The ordering is important. Anthropic does not place the uncertainty in a distant limitations appendix. It appears directly after the table and after the ASL-3 classification rule. That proximity is a strength. It helps keep the table's visual authority under discipline. The reader sees the evaluation evidence, then the safeguard rule, then the uncertainty around real-world translation. The document thereby avoids a common weakness in safety reporting: allowing a table to generate confidence while placing the caveats too far away to affect the claim being made.

Still, the table also shows how easily visual confidence can outrun evidentiary measure. The ASL-3 and ASL-2 labels in the column headings make the comparison feel clean. The rows appear to sort evidence into two protection regimes. The threshold values give the impression of procedural exactness. Yet the underlying evidence is irregular. Some results come from predecessor or neighbouring models; some are qualitative; some use safeguards removed; some report trends; some concern knowledge; some concern task performance; some are closer to the ASL decision than others. The visual grammar of the table is more orderly than the evidentiary terrain it summarises.

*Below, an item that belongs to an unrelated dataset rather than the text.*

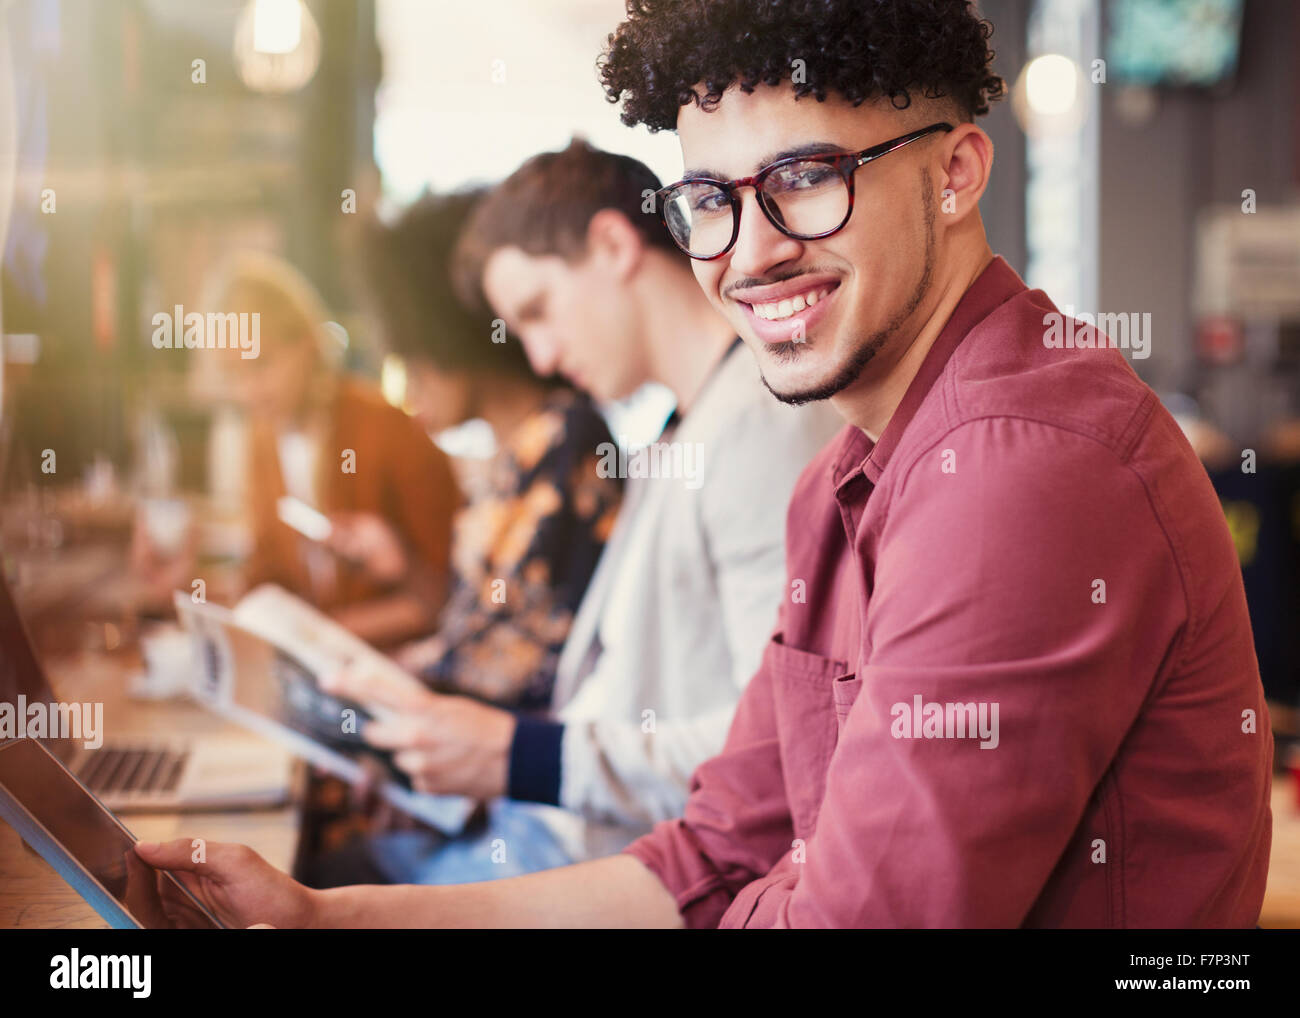 Portrait of smiling man avec les cheveux noirs bouclés using digital tablet in cafe Banque D'Images

This does not weaken the table's usefulness. It defines the reader's task. The table should be read not as a mathematical proof of ASL-3 necessity, but as a structured public display of the evidence that makes ASL-3 a reasonable safeguard classification under uncertainty. The distinction is crucial. A mathematical proof would require cleaner comparability, direct measurement of the target harm, and a more determinate relation between metric and real-world outcome. A safeguard classification can be justified under weaker conditions when the domain is high-stakes, the evidence suggests meaningful capability, and direct testing of the dangerous task is impossible or unacceptable.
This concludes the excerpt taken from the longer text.